没过多久,柳若薇便被带了过来。看到地上的苏清鸢,她立刻露出惊慌失措的表情,快步跑到苏清鸢身边,蹲下身抱住她的胳膊,眼泪瞬间掉了下来:“师姐!你怎么会变成这样?是不是我送的凝神汤有问题?都怪我,我不该随便给你炖汤的!”
她一边哭,一边自责,看起来比谁都伤心。可苏清鸢却敏锐地察觉到,她眼底深处,藏着一丝不易察觉的得意。
“是你……是你在汤里下了蚀脉散……”苏清鸢死死地盯着她,声音里充满了恨意。
柳若薇却猛地摇头,哭得更伤心了:“师姐,你怎么能这么说我?我怎么可能害你呢?我一直把你当成亲姐姐一样尊敬,那碗凝神汤我真的只是想给你补补身子,没有加任何东西啊!是不是有人在中间动了手脚?”

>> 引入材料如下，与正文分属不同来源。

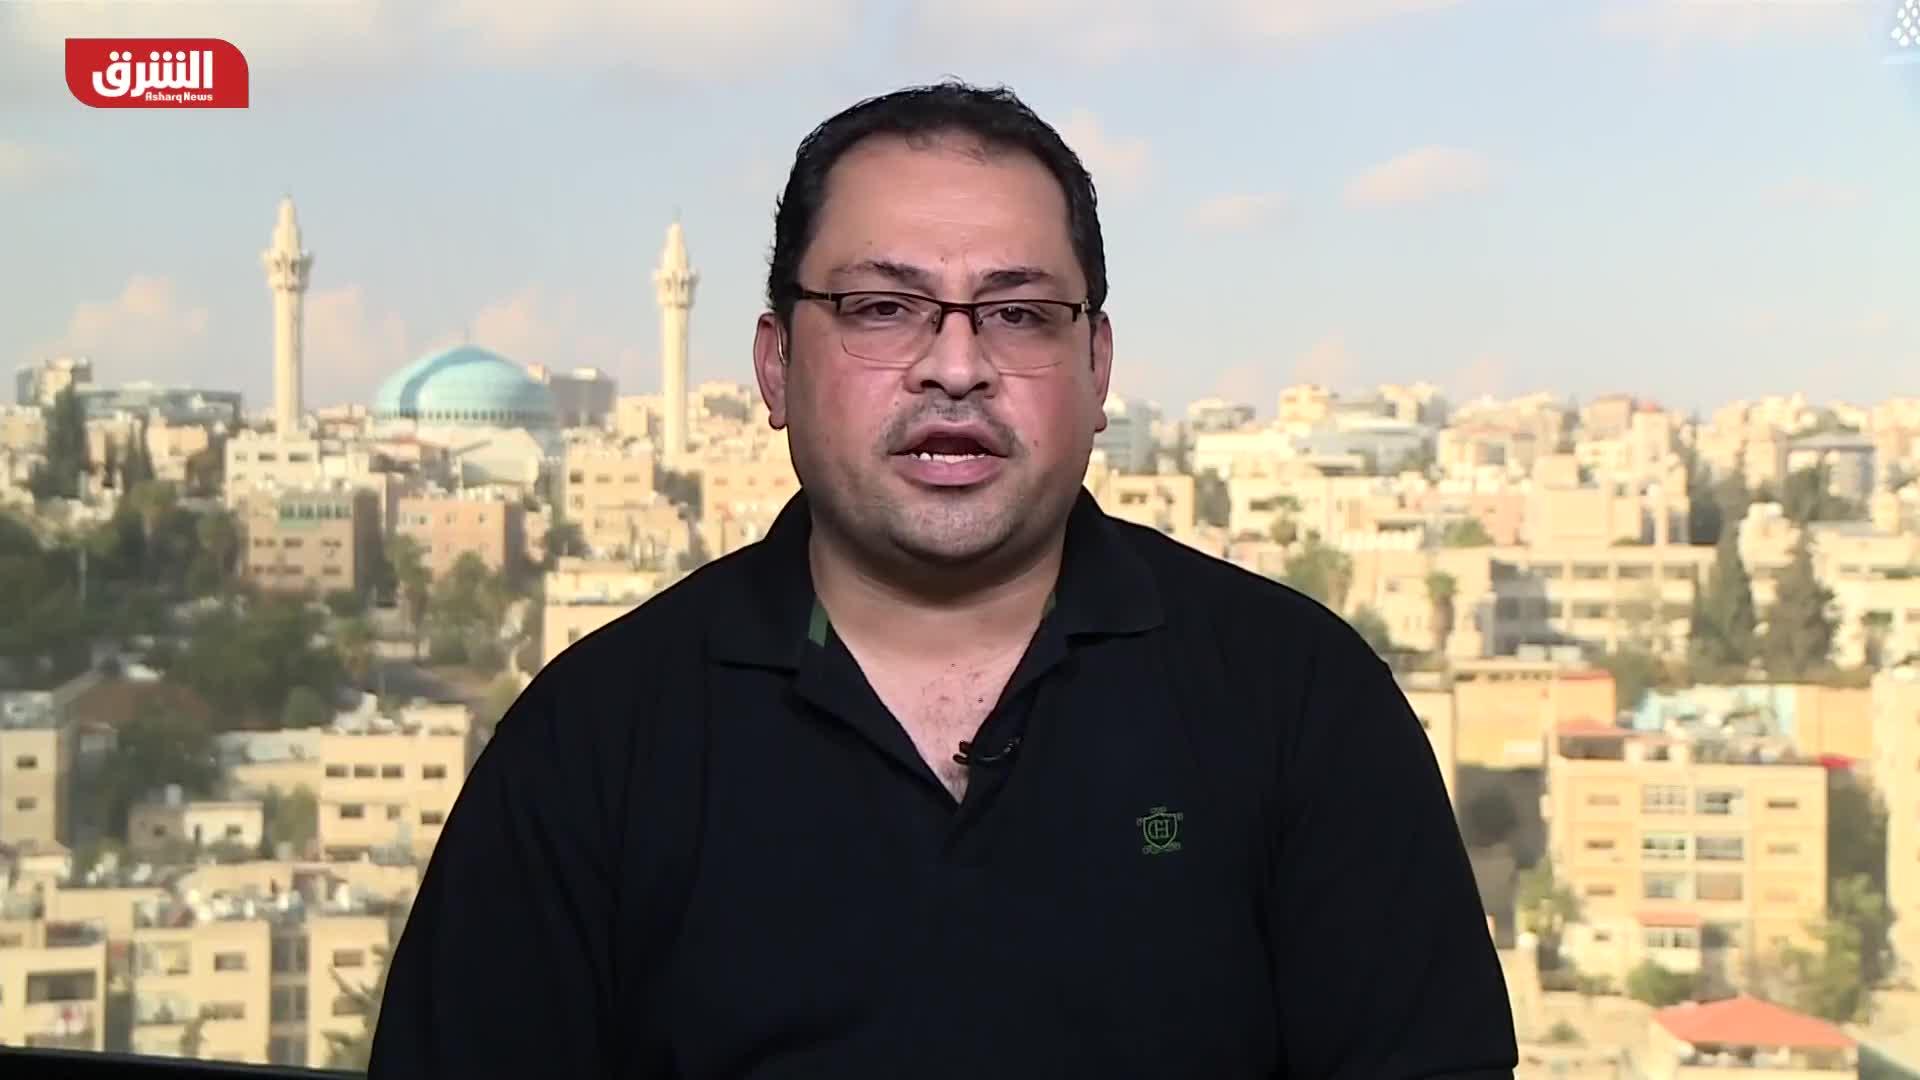 لمن تشير أصابع الاتهام في تفجير دمشق؟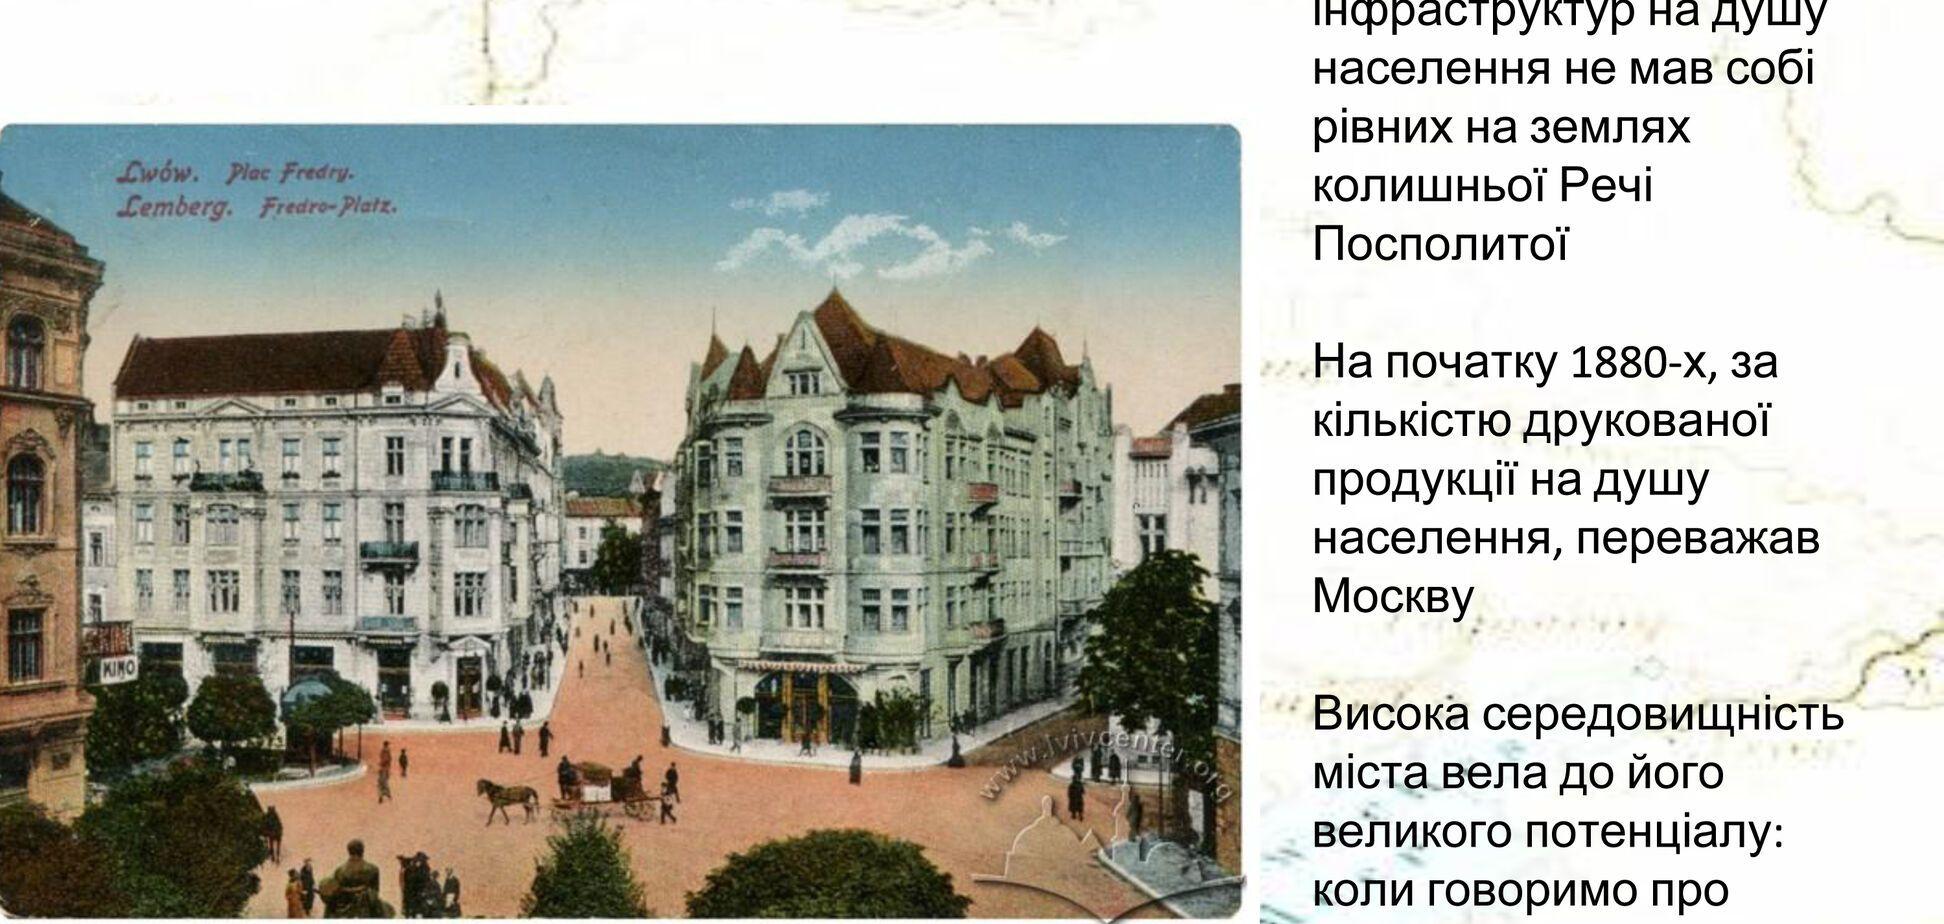 Галичини, як і Київської Русі, не існувало

说着,她转向掌门和长老,双膝跪地,磕了一个头:“掌门,长老们,求你们一定要查明真相,还我一个清白,也还师姐一个公道!我真的没有下毒!”
掌门和长老们面面相觑,柳若薇的表现太过逼真,而且没有任何证据能证明是她下的毒。负责调查的弟子很快回报,柳若薇的住处没有找到任何与蚀脉散相关的东西,而且她炖凝神汤的时候,有不少弟子都看到了,过程并无异常。
“没有证据,就不能随便定罪。”掌门沉声道,虽然他心中也怀疑柳若薇,但宗门规矩不能破。
苏清鸢的心彻底沉了下去,她知道,柳若薇肯定早就做好了准备,不会留下任何把柄。
掌门看着苏清鸢,语气沉重地说道:“清鸢,你的经脉受损严重,修为大跌,三日后的宗门大比,你已经无法参加了。为了宗门的稳定,从今日起,撤销你首席弟子的身份,至于掌门继承人的资格,也……”
后面的话,掌门没有说出来,但所有人都明白。苏清鸢,这个曾经的天之骄女,彻底跌落神坛。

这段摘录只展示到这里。